BEGIN

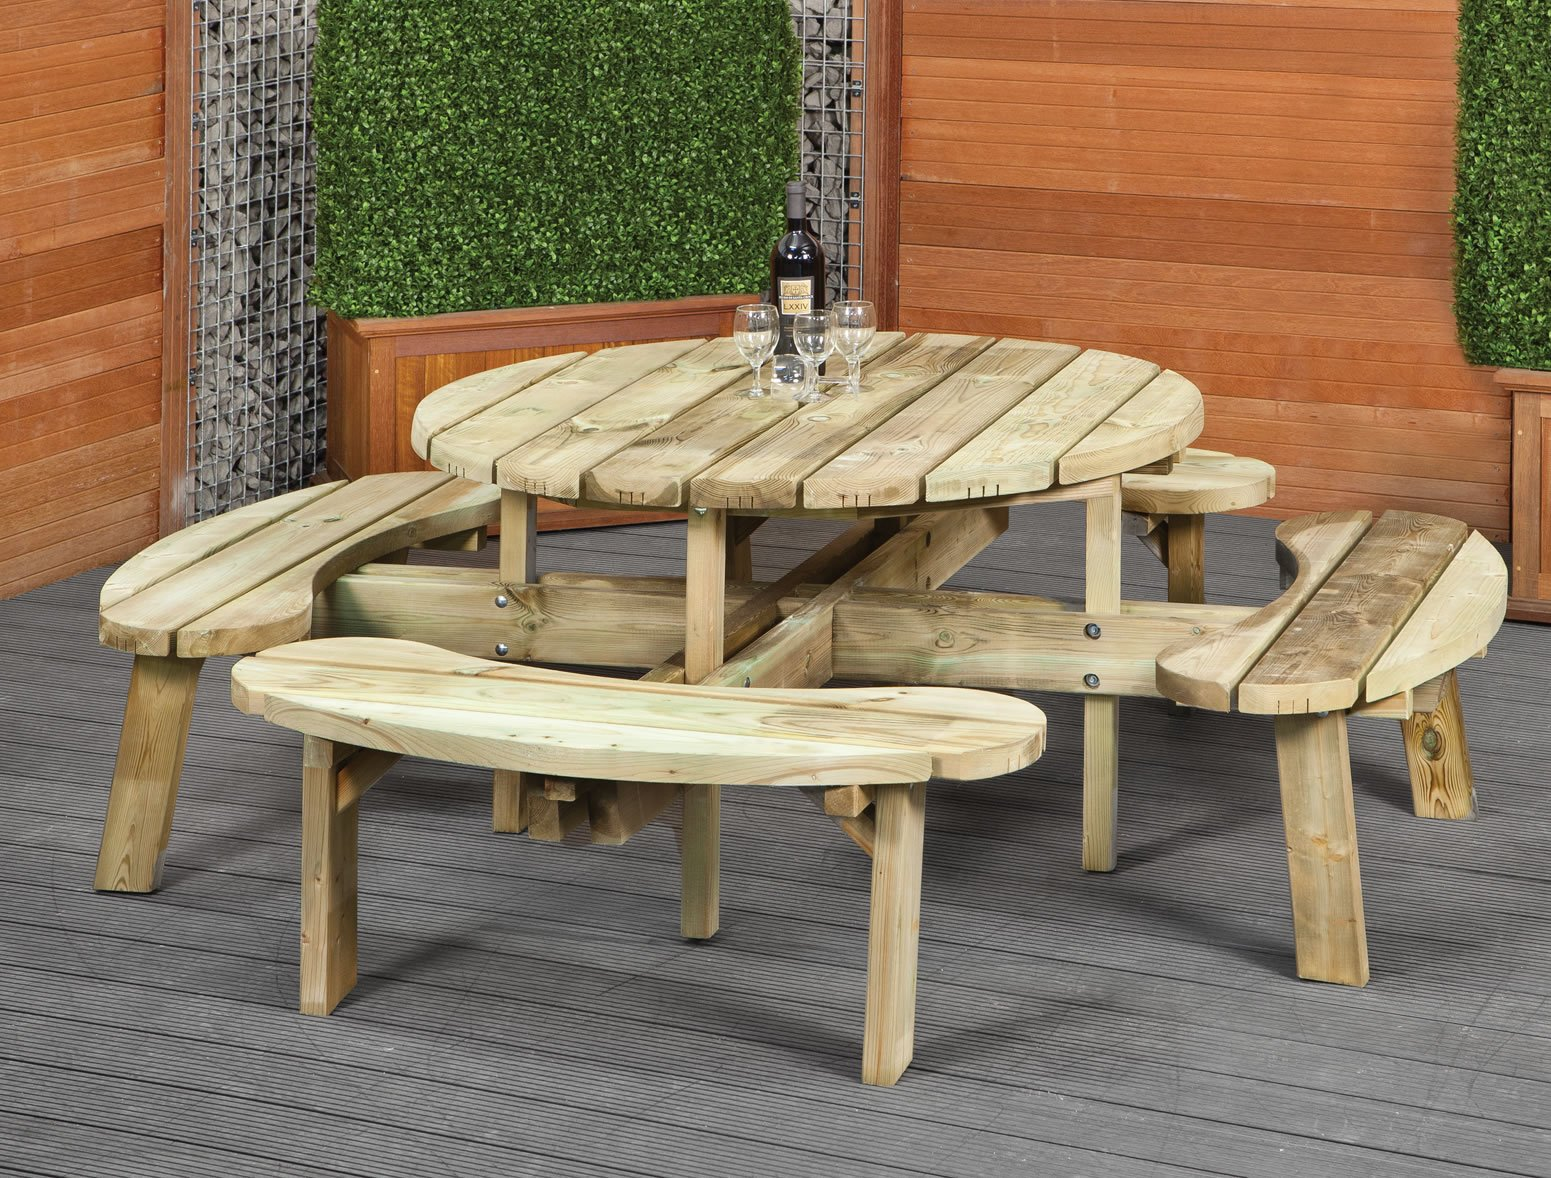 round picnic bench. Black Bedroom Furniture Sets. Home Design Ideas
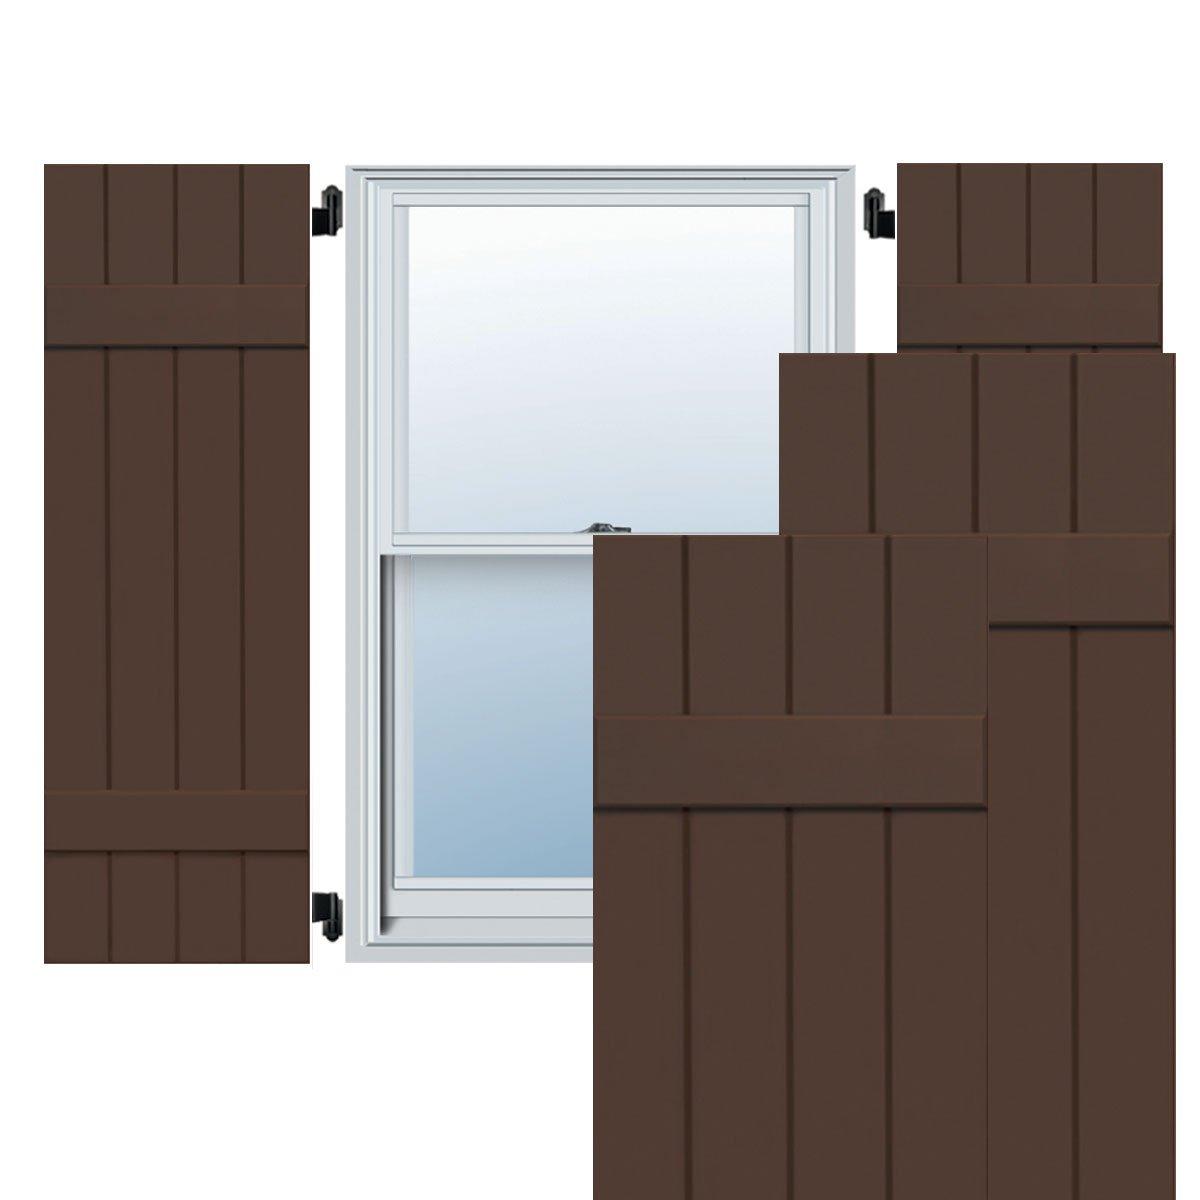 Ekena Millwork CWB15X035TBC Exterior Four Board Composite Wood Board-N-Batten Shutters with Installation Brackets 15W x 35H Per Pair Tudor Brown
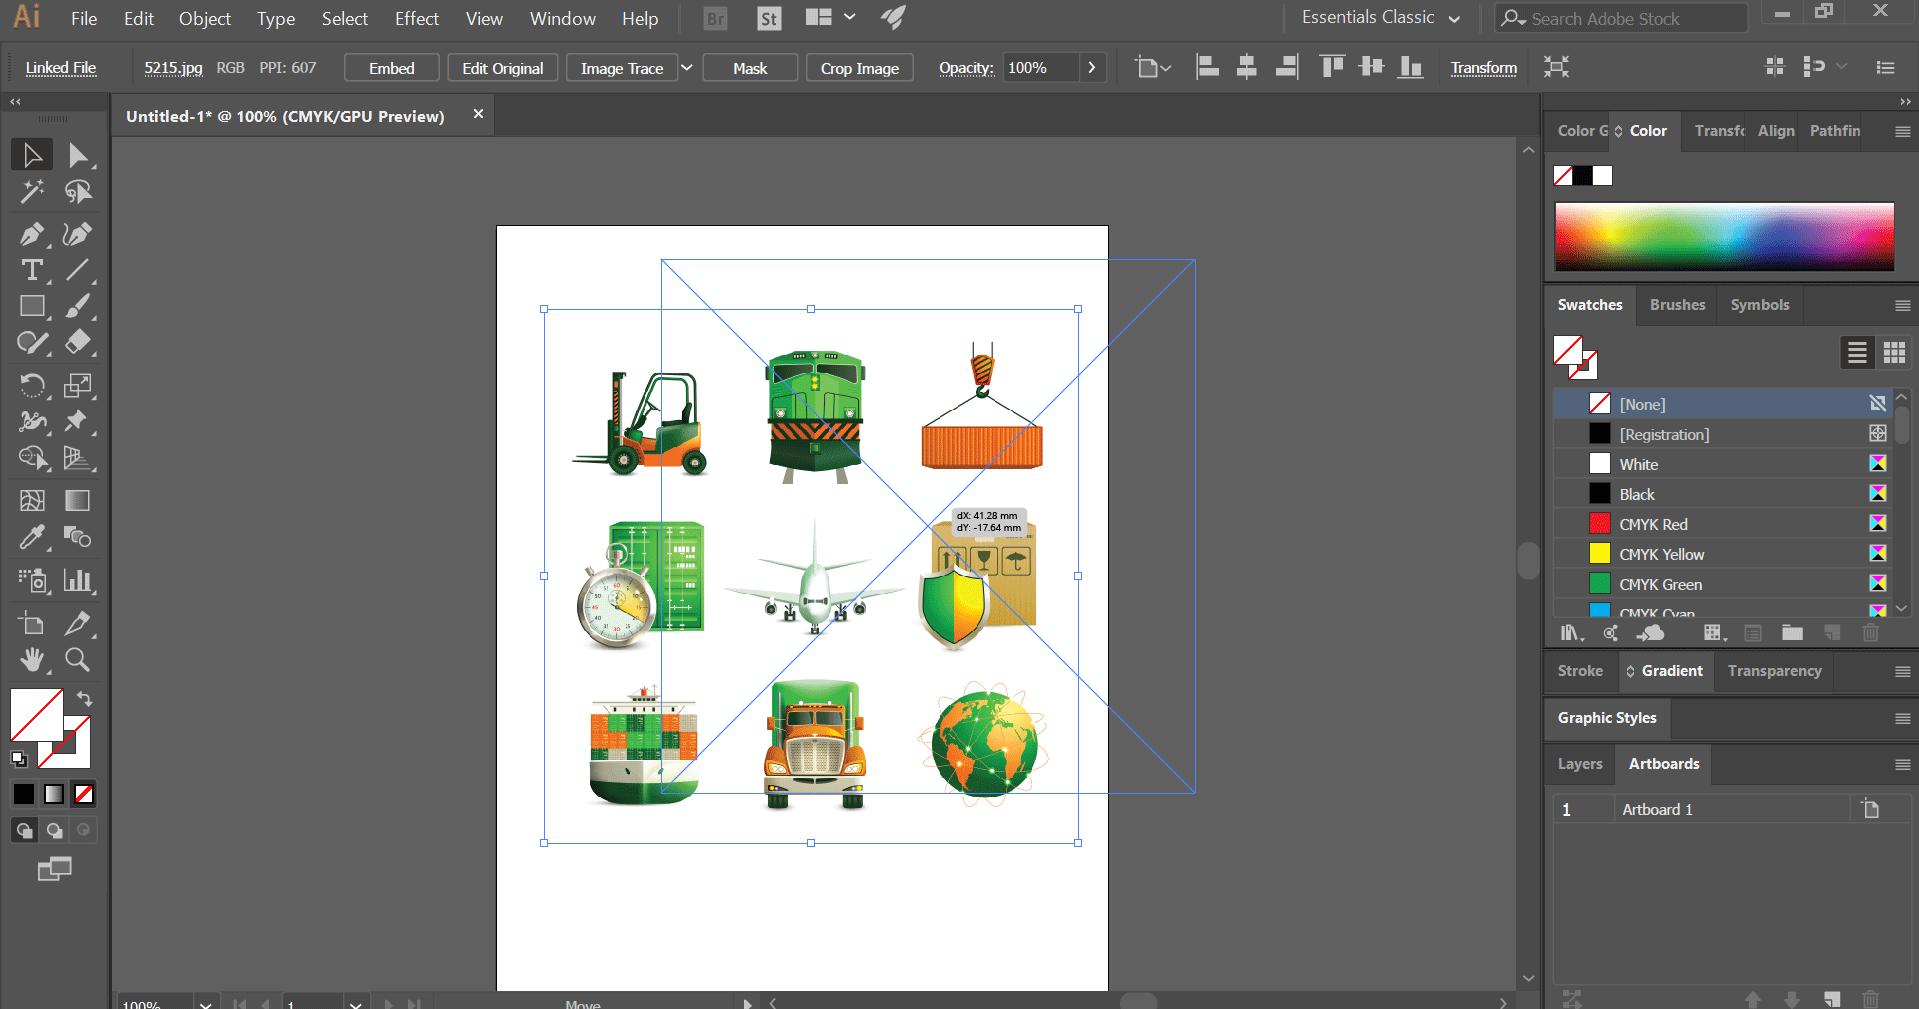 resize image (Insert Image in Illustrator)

END

Without the pictures, write out the listing exactly as it appears above.

 round picnic bench. Black Bedroom Furniture Sets. Home Design Ideas
 Ekena Millwork CWB15X035TBC Exterior Four Board Composite Wood Board-N-Batten Shutters with Installation Brackets 15W x 35H Per Pair Tudor Brown
 resize image (Insert Image in Illustrator)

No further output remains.